There were many possible methods of registering when the piano was being used and though several would have worked for their intended purpose, it took writing down and discussing the pros and cons of each sensor before they made a decision. Some of the options they considered included pressure sensors for the keys themselves, accelerometers to detect the movement of the individual hammers within the piano, and even a microphone to computationally analyze the sound heard from either instrument. In the end they chose to implement small and accurate piezo knock sensors tethered to the internal mechanism of each key. These could register both faint and strong notes when played without altering the natural sound of the instrument.


After deciding on a Street Fighter iteration for the PS2 to develop the rest of the project around, they had to play the actual game a bit to get a feel for the command list of moves. They wanted to conceive of a way to map the notes played to the controller, but not in the direct “key to button” sort of way. The idea was that if someone was good at playing piano, they would also be good at executing moves in game. So they had to sort out how groups of notes and chords would translate into moving the character or attacking.

I highly suggest checking out their in depth play-by-play as they built the installation from the ground up. In addition to being fascinating (they prepared this project in a fight against time for the reopening of a historical site in Paris), you’ll find that everything they developed is opened source. The completed installation is as awesome as it sounds. You can see it in action in an actual duel below:

12 thoughts on “Turning A Cadenza Into A Finishing Move

  1. OK now THAT’S cool.
    I’d like to see this developed into a whole piece. Maybe a fighting game isn’t the very best accompanying video for a real recital, but it sure looks like some interactive video going along with an accomplished pianist (or two) could make for some very interesting real art. In my opinion this is art too, but it’s more of an art-bite than a real work.

    Still, that is pretty dang cool.

    1. Nope (one of their aims was to be as non-invasive as possible so it was a fairly ideal solution).
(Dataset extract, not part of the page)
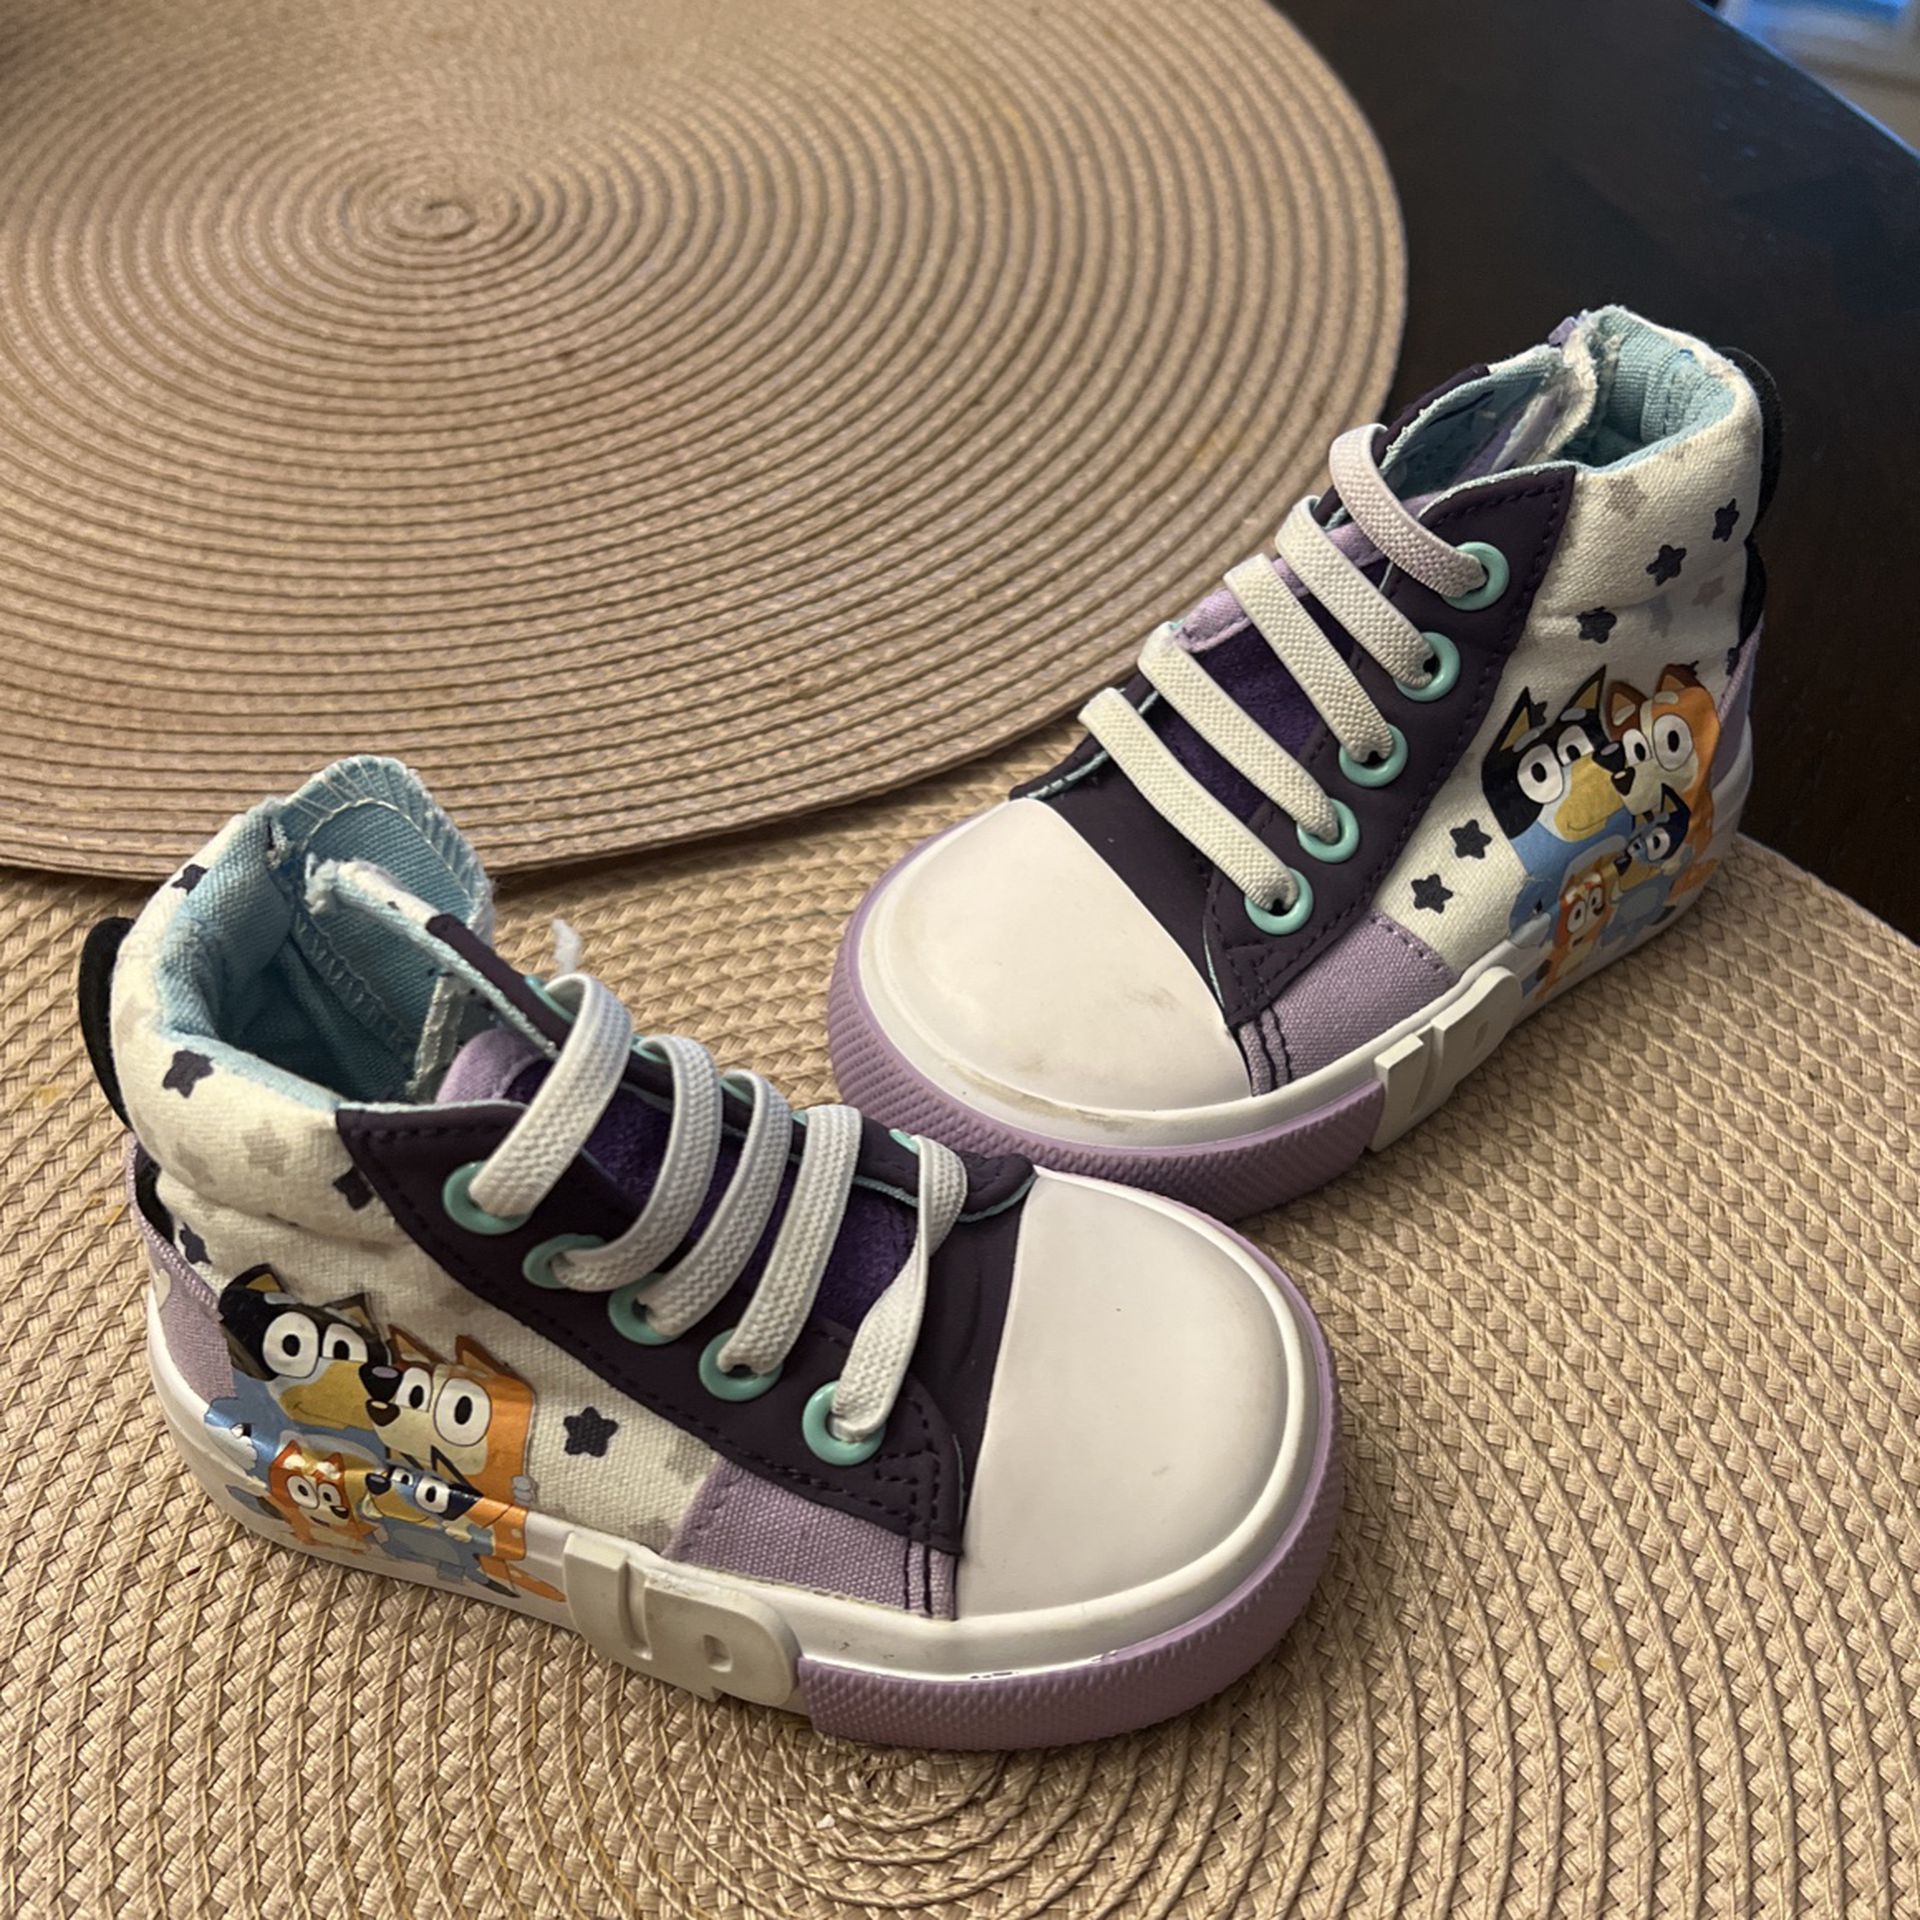 Bluey Toddler Shoes

      As the [Had] article eludes to, on their website, they do discuss the various options available to them (including using a mic). They discount it on several grounds (none of them relating to the aesthetics, the big kicker was they were concerned about the processing latency) and instead opting for a more mechanical method.
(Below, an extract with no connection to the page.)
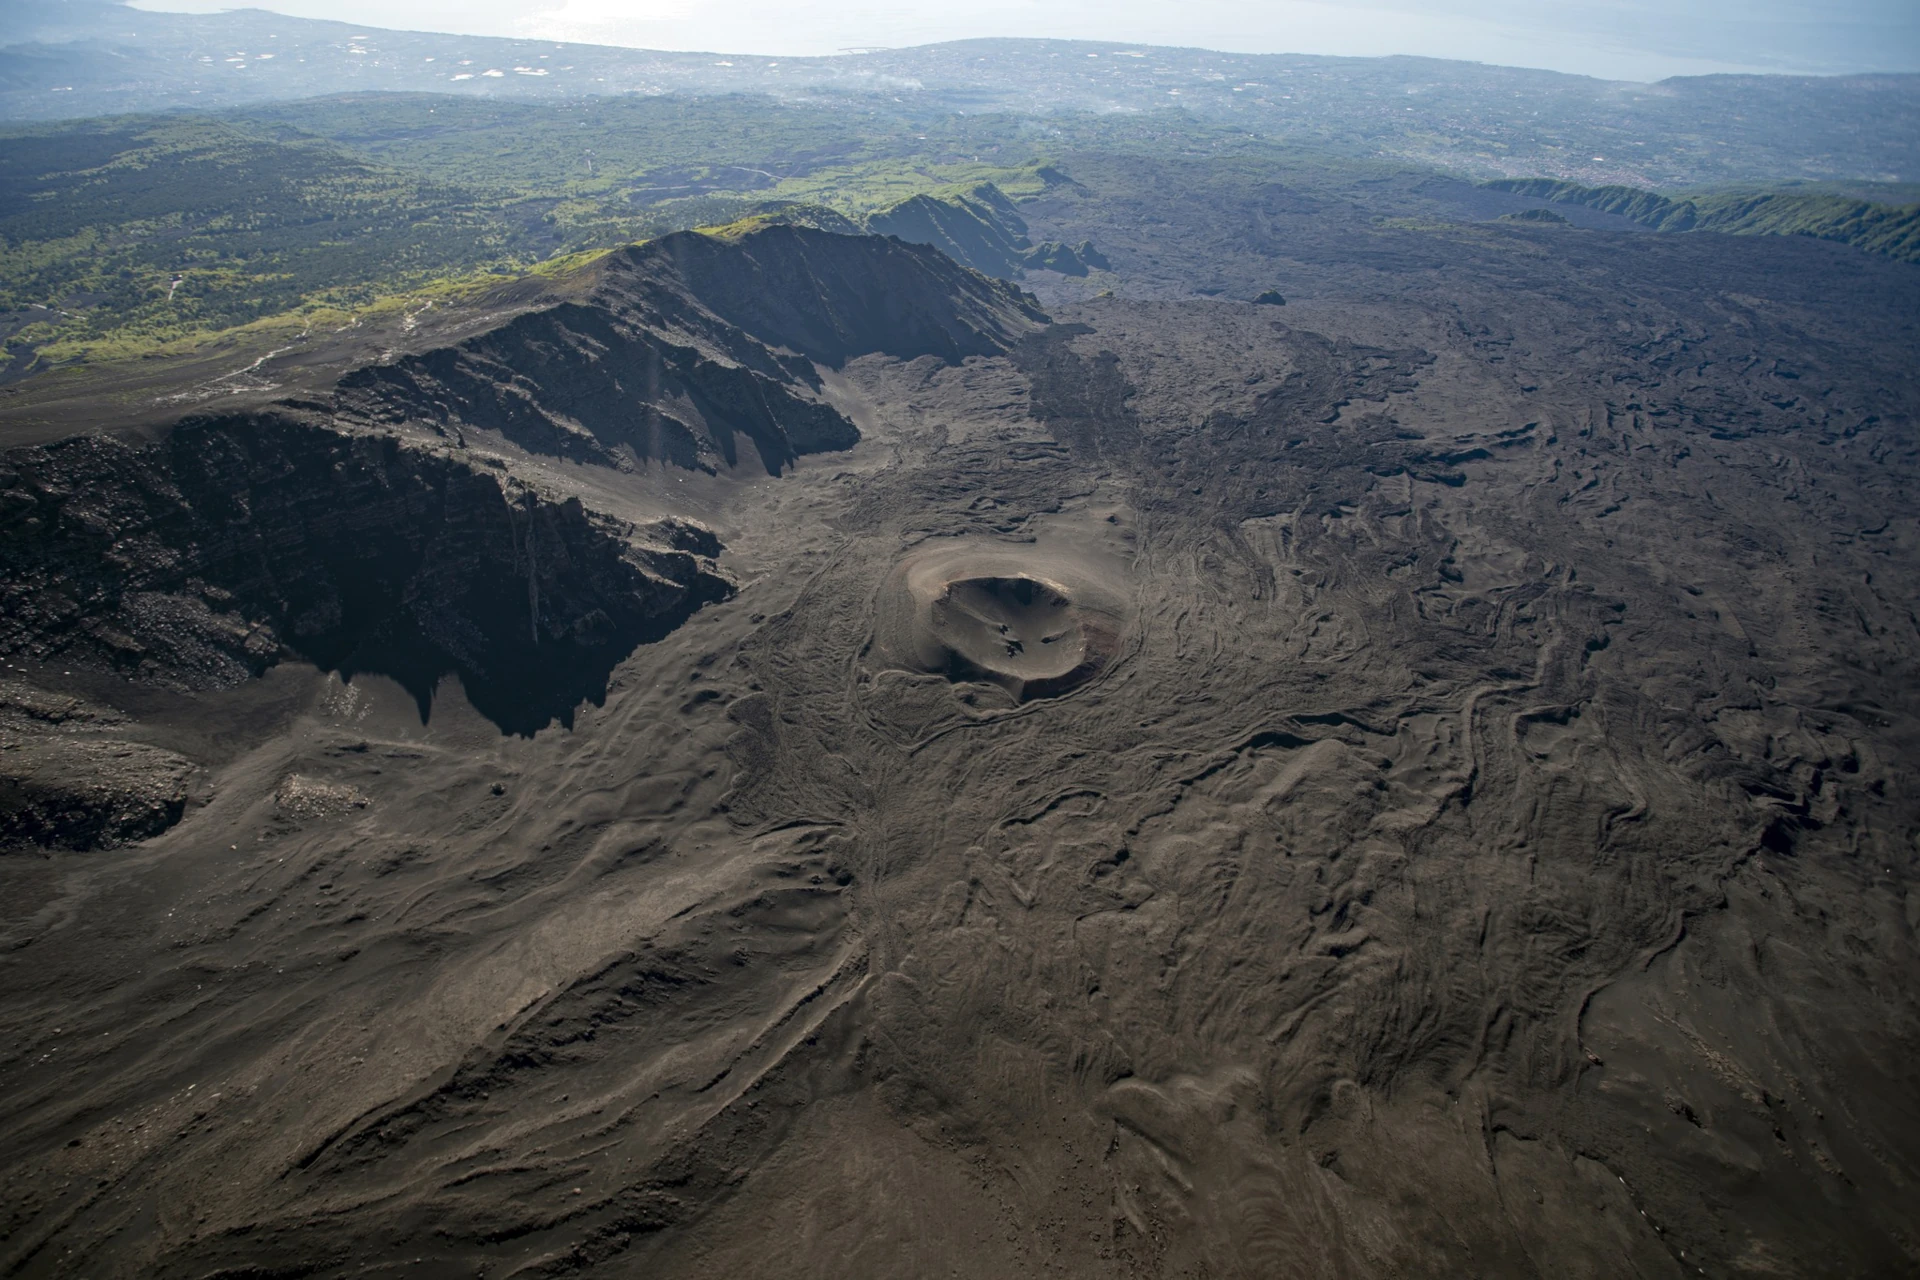 Ontdek de Valle del Bove, één grote lavawoestijn, op onze Etna 3000 tour!

      Seriously, have a read of the original page as it’s a very well written walk through of the system (certainly compared to a lot of the “art installations” that this sort of activity tends to fall in).

  2. haha, pretty amazing installation ;)

    -> big up for the artists

    Nb: last but not least, I’m not quite sure Cyril (aka @tchap) is indeed in the video ..
    .. or maybe the question is “what happened with the hair cut ? ” ;p pj

    keep up the good work foobarflies ;D

  3. This is Eric speaking, co-author of the installation. Thank you very much for the lovely writeup, we [Cyril and myself] are honored!

    I would just like to make a correction on one point: we are not the ones performing in the video! The performers are actually Alvise Sinivia and Léo Jassef from the Conservatoire National de Paris, with whom we were lucky enough to work on the development of this project. Not only are they incredibly talented pianists, but they also had a lot of fun duelling, and the combination was a real treat for our eyes and ears.

  4. Now let’s see them play Skullgirls!

    As for FFT, with the innate over- and under-tones of a piano, can you tell whether C4 is hit individually or in a chord with a soft C5? Even picking out a peak at G4 would be an iffy proposition.

  5. They should have called it “Pit Fighter”, but I’ll give them some slack for not coming up with that, since it might not be as good a pun in French.

    Pretty cool project, though. Expensive, sure, but probably well below average for comparable art installations. The write-up is excellent, too.

  6. This is an excellent performance, but played by professional piano players…
    That made if fun to listen to, but what happens if non-musical but excellent streetfighter players would use the piano’s for a duel?